=== Assignment ===
Nothing but a verbatim copy of the data, minus the images, should be returned.

=== Data provided ===

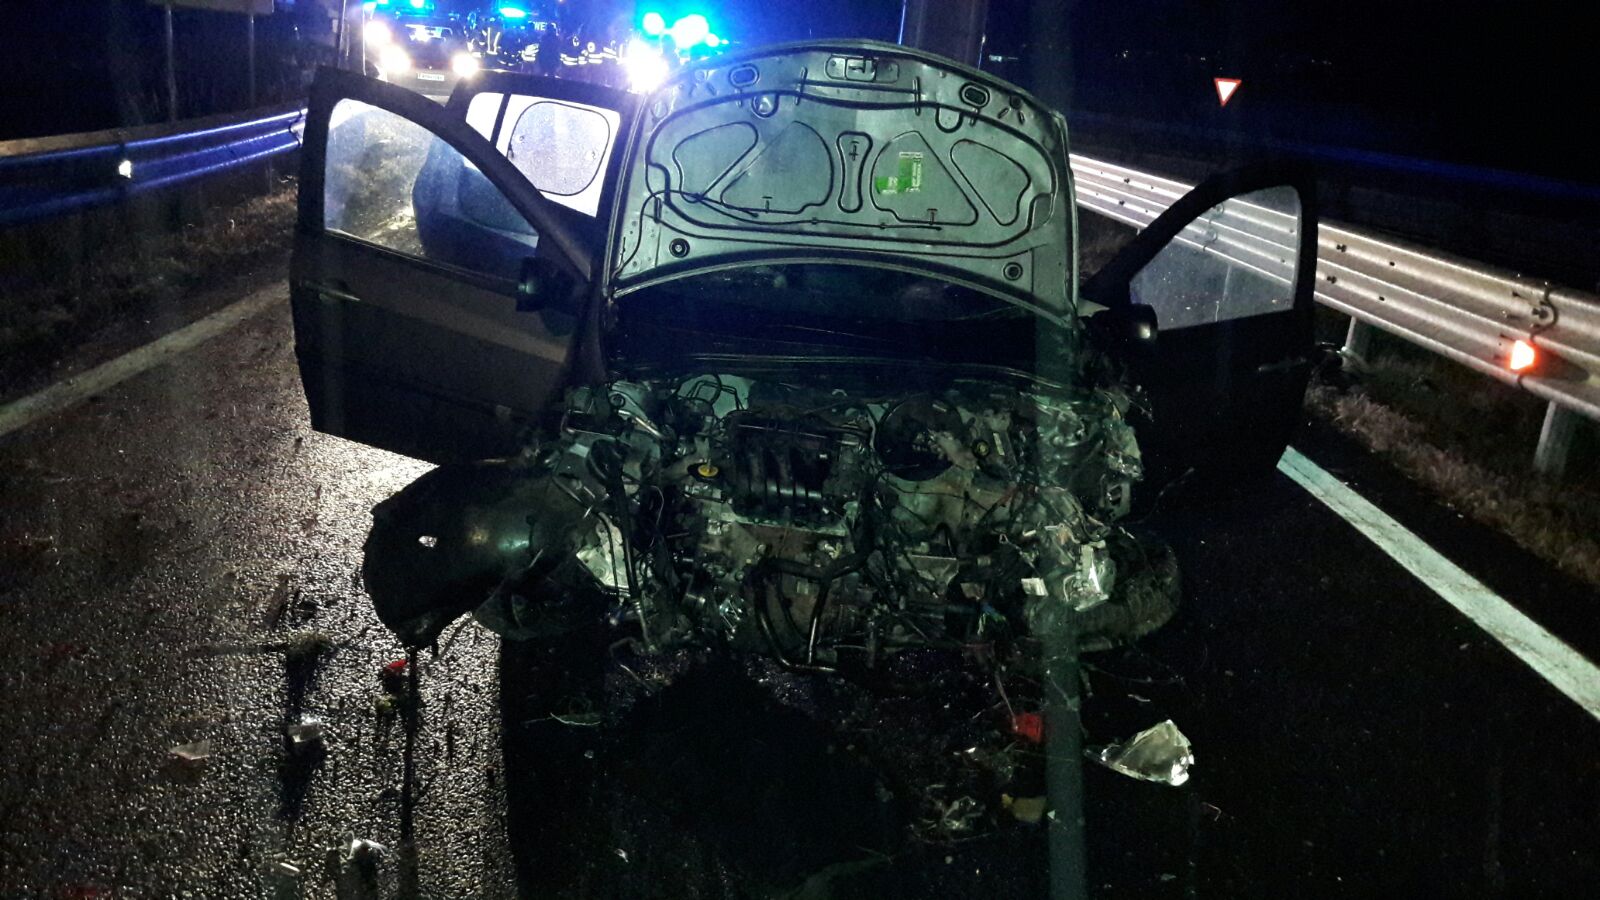 26.11.2016 - EINSATZ: Schwerer Verkehrsunfall auf der A7 
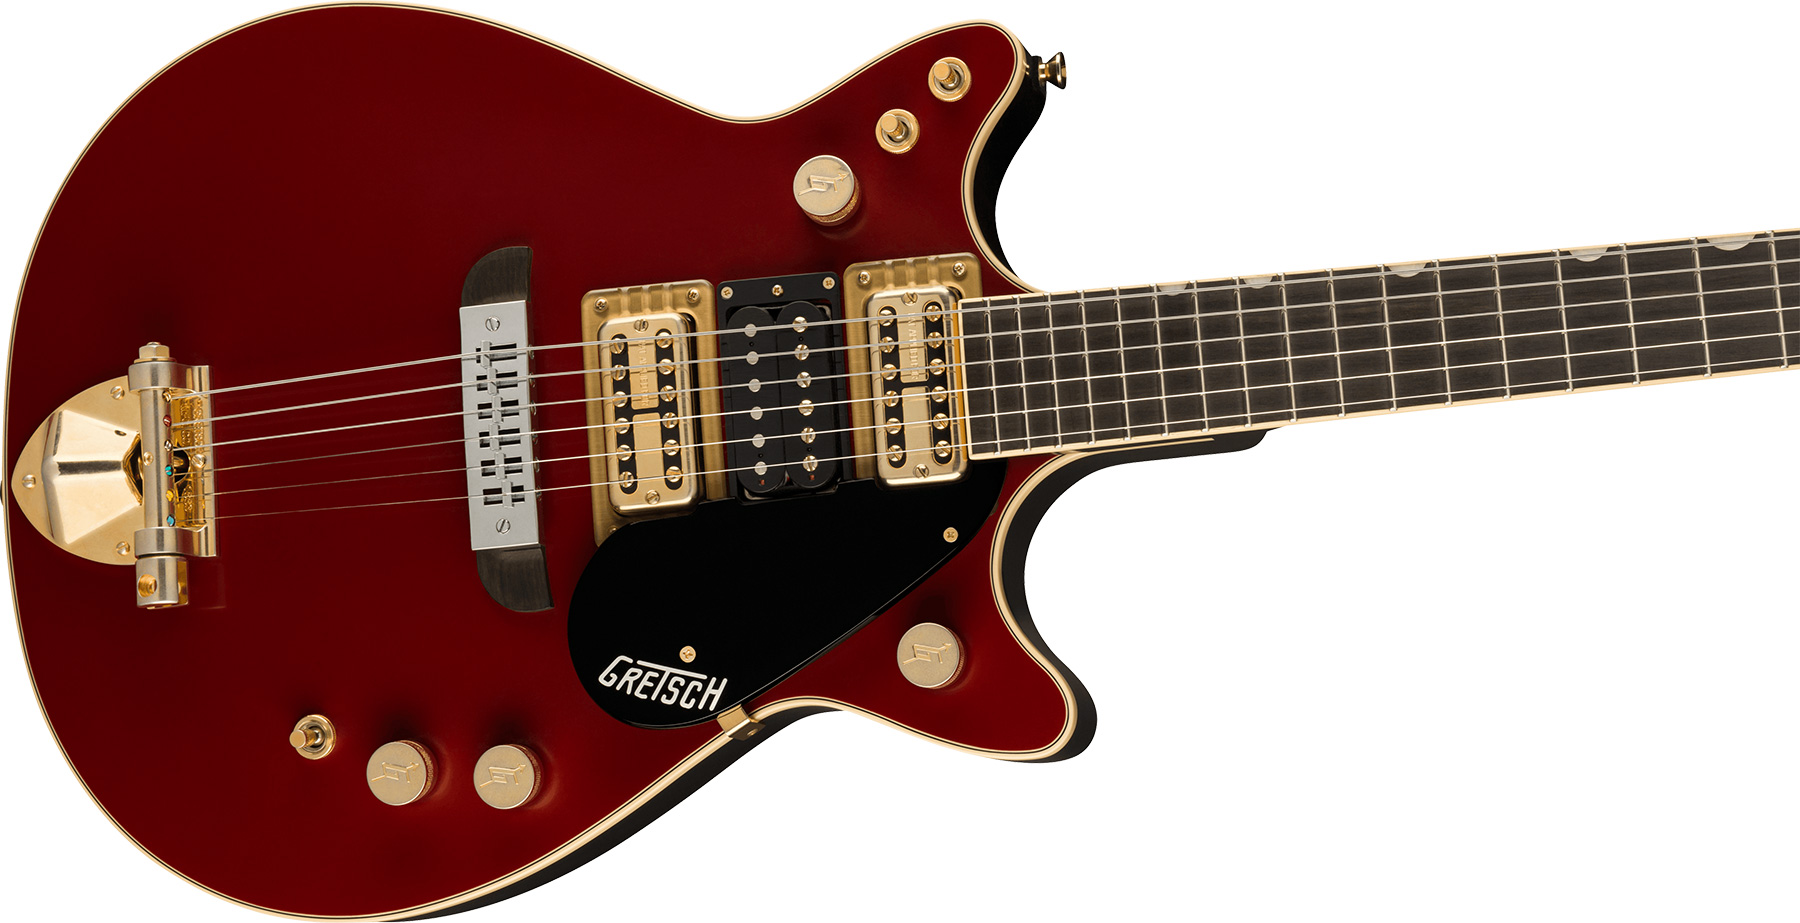 Gretsch Malcolm Young G6131g-my-rb Jet Ltd Signature 3h Ht Eb - Vintage Firebird Red - Guitarra eléctrica de doble corte. - Variation 2
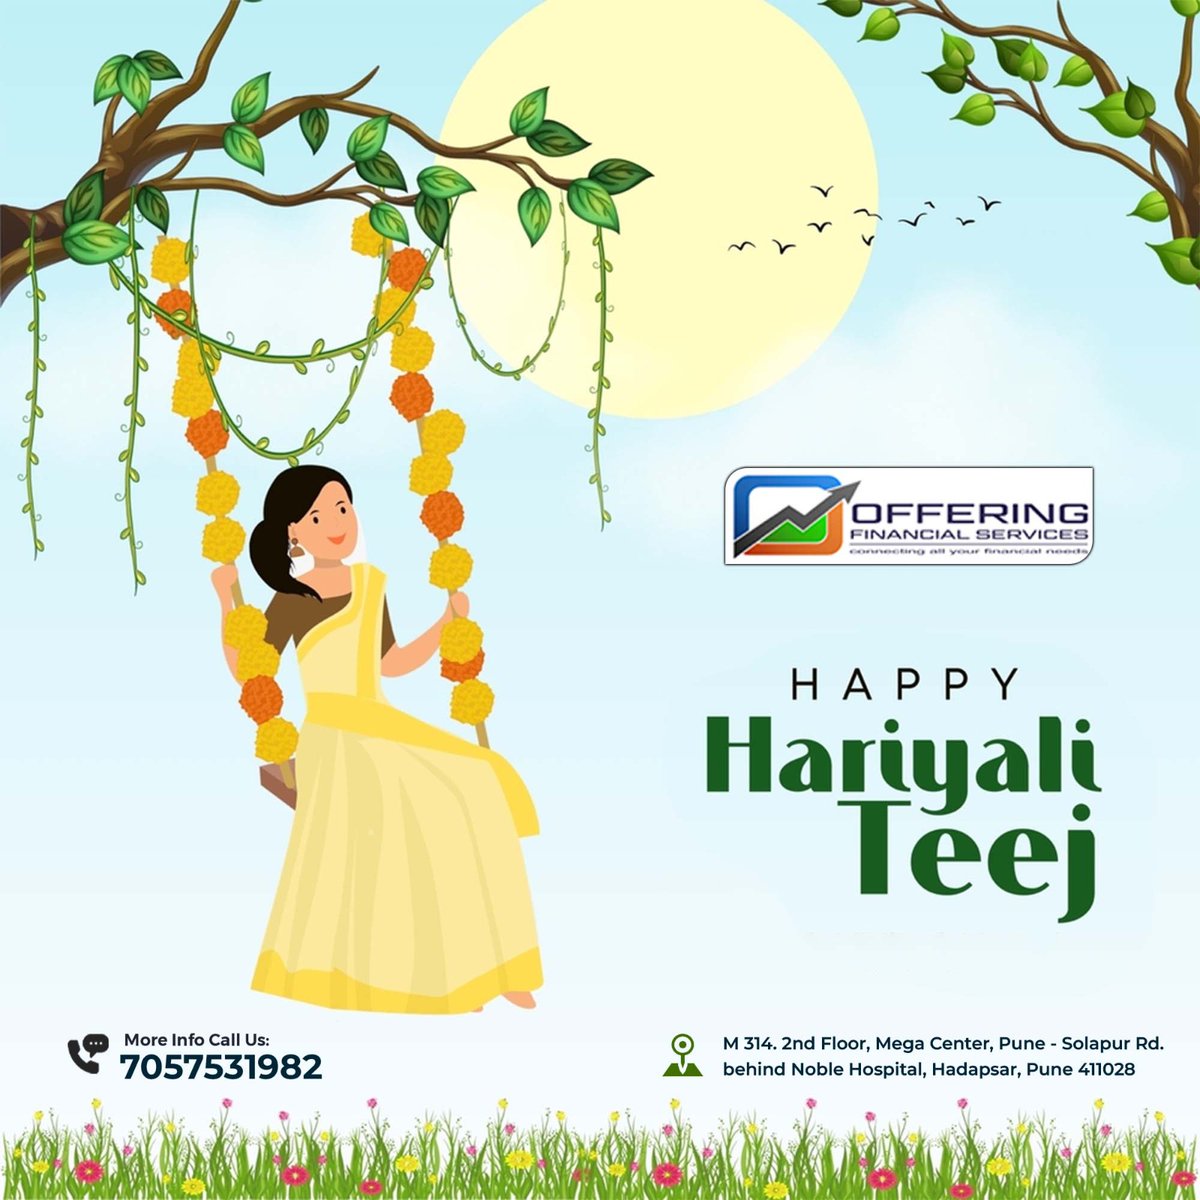 Embracing the vibrant greenery and celebrating love on Hariyali Teej! 🌿💚💫

#HariyaliTeej #GreenFestival #LoveAndTradition #TraditionalJoy #TeejVibes #TeejSpecial #IndianFestival #FestiveSeason #CelebratingHappiness

=== Finished task ===
 26.11.2016 - EINSATZ: Schwerer Verkehrsunfall auf der A7 
 Gretsch Malcolm Young G6131g-my-rb Jet Ltd Signature 3h Ht Eb - Vintage Firebird Red - Guitarra eléctrica de doble corte. - Variation 2
 Embracing the vibrant greenery and celebrating love on Hariyali Teej! 🌿💚💫

#HariyaliTeej #GreenFestival #LoveAndTradition #TraditionalJoy #TeejVibes #TeejSpecial #IndianFestival #FestiveSeason #CelebratingHappiness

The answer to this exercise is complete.